THE FRUITS OF LABOR

Mexico 2018 | HEALTH & EDUCATION | INTERVIEW

TBY talks to David Garza Salazar, Rector of Instituto Tecnológico y de Estudios Superiores de Monterrey (Tec de Monterrey), on the results of education reform, the Fourth Industrial Revolution, and plans for the future.

 David Garza Salazar
BIOGRAPHY
David Garza Salazar has worked at Tec de Monterrey for over 30 years in a variety of positions such as head of research, dean of the faculty of information and electronic technology of the Monterrey campus, and academic deputy rector. He leads the Tec network and its 31 campuses and 90,000 students since 2017. He holds a bachelor’s degree in computer science from Tec de Monterrey and a PhD in the same discipline from Colorado State University.

Five years after education reform in Mexico, how would you evaluate the results obtained so far and what do you consider the main achievement and what is the biggest drawback of this implementation phase?

The reform was essential; Mexico invests around 7% of GDP in education, more than the average of countries belonging to the OECD and above countries such as Germany and Poland. Despite that, Mexico faces significant challenges regarding coverage, quality, and equity. The rethinking of the curricula worked extremely well because it adapted to the requirements of the 21st century by taking into account skills such as critical thinking, the ability to learn, English language, and technology. On the other hand, aspects such as professional teaching service, evaluation schemes, and incentives were outlined. Today, almost half of the states of the Republic improved in the assessments in the areas of language and mathematics. We reached 25,000 full-time schools toward the end of this six-year term. In 2000, there were only 6,000 schools with this model, which has proven to be successful regarding the abilities of the students. Despite the reform's successes, we must recognize its failures. For example, the lack of clarity in the mechanism to follow up on the selection of teachers. Likewise, there are significant challenges in the training of teaching staff for the new curricula on issues of equity and upper secondary education coverage; the reform did not cover higher education. As a reference of how the quality of our system is seen at an international level, Universitas 21 ranks Mexico's university system at 46 out of 50 systems around the world, while QS World University Rankings puts us at 33 out of 50.

Regarding the link with the labor market, how does Tec strive to align its offer to the current needs of the labor market in the context of the Fourth Industrial Revolution?

In Tec de Monterrey, we do not just point to the current needs—we try to predict future trends.

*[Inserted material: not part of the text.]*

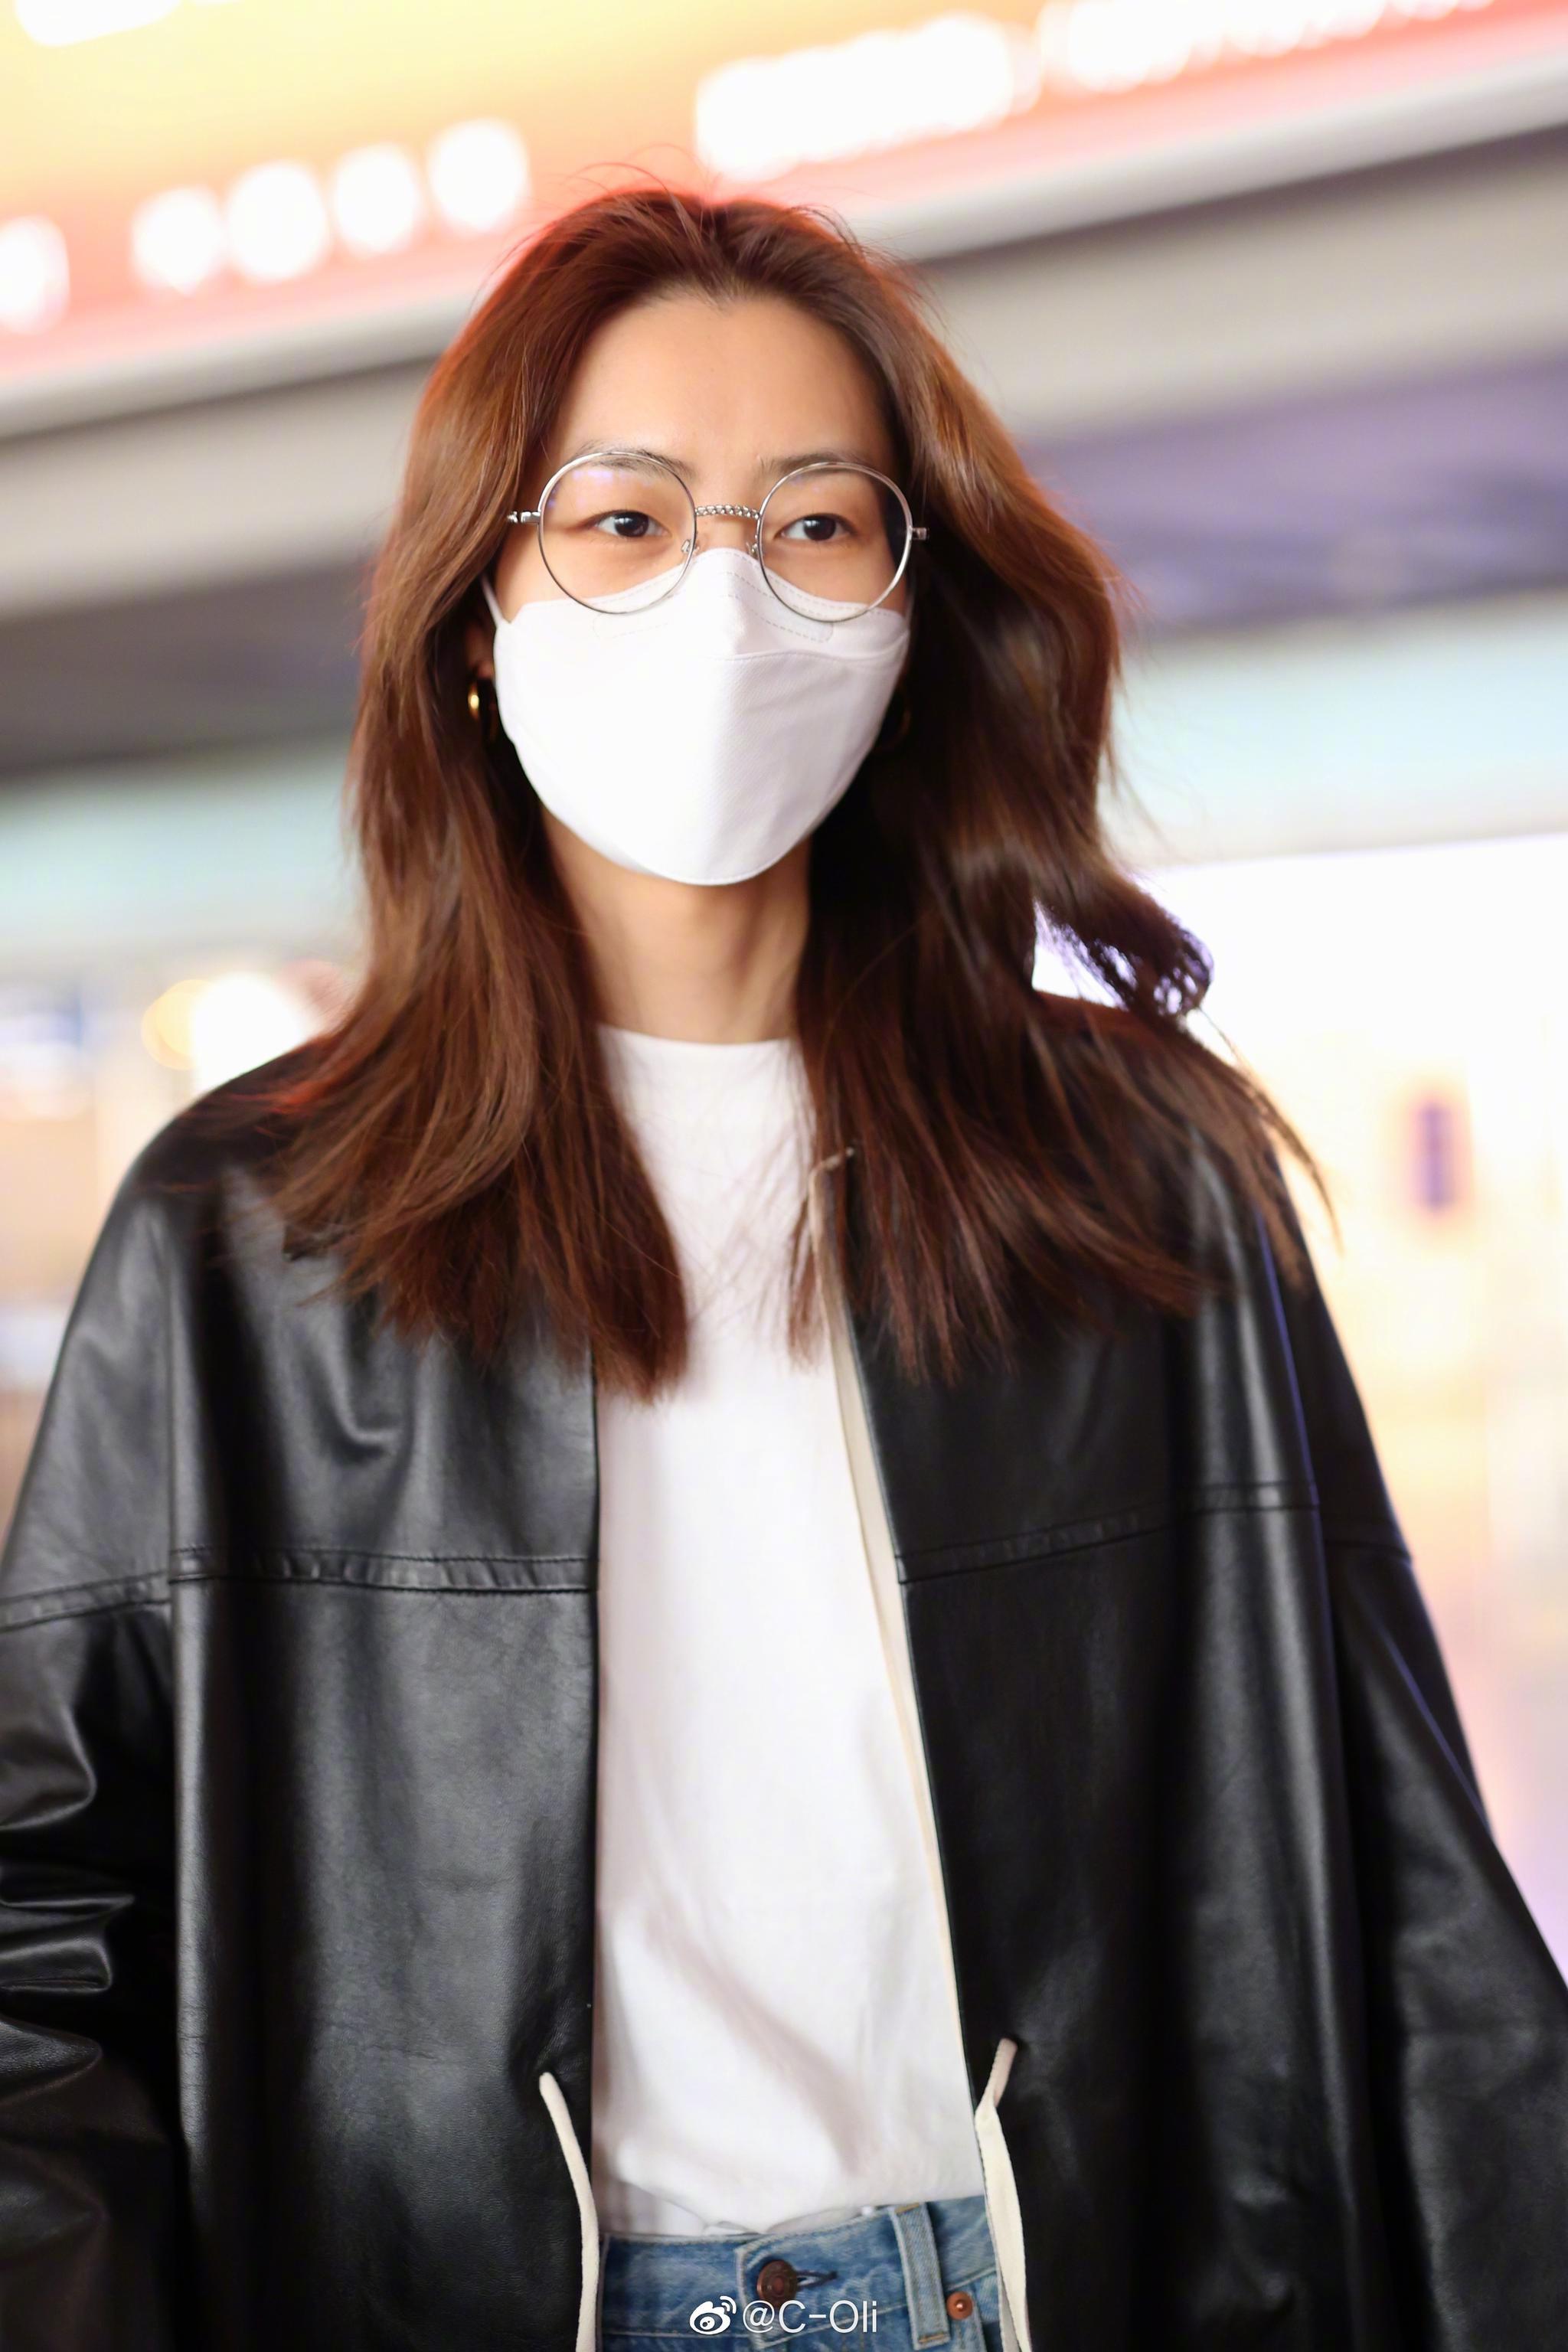 今日行色匆匆的机场Wen  白T牛仔裤搭一件黑色长款皮衣……

After analyzing, we concluded that the Mexican education system employs 20th century teachers and educational models for 21st-century students. Today, the world is changing faster than ever before and all graduates must have specific competencies to face future challenges such as the Fourth Industrial Revolution. We are convinced that many of the jobs that currently exist will be transformed. Therefore, innovation, creativity, and reinvention of work is needed because the use of machines and artificial intelligence is a reality. Our approach toward a transformation of the educational model can support the development of multidisciplinary competencies.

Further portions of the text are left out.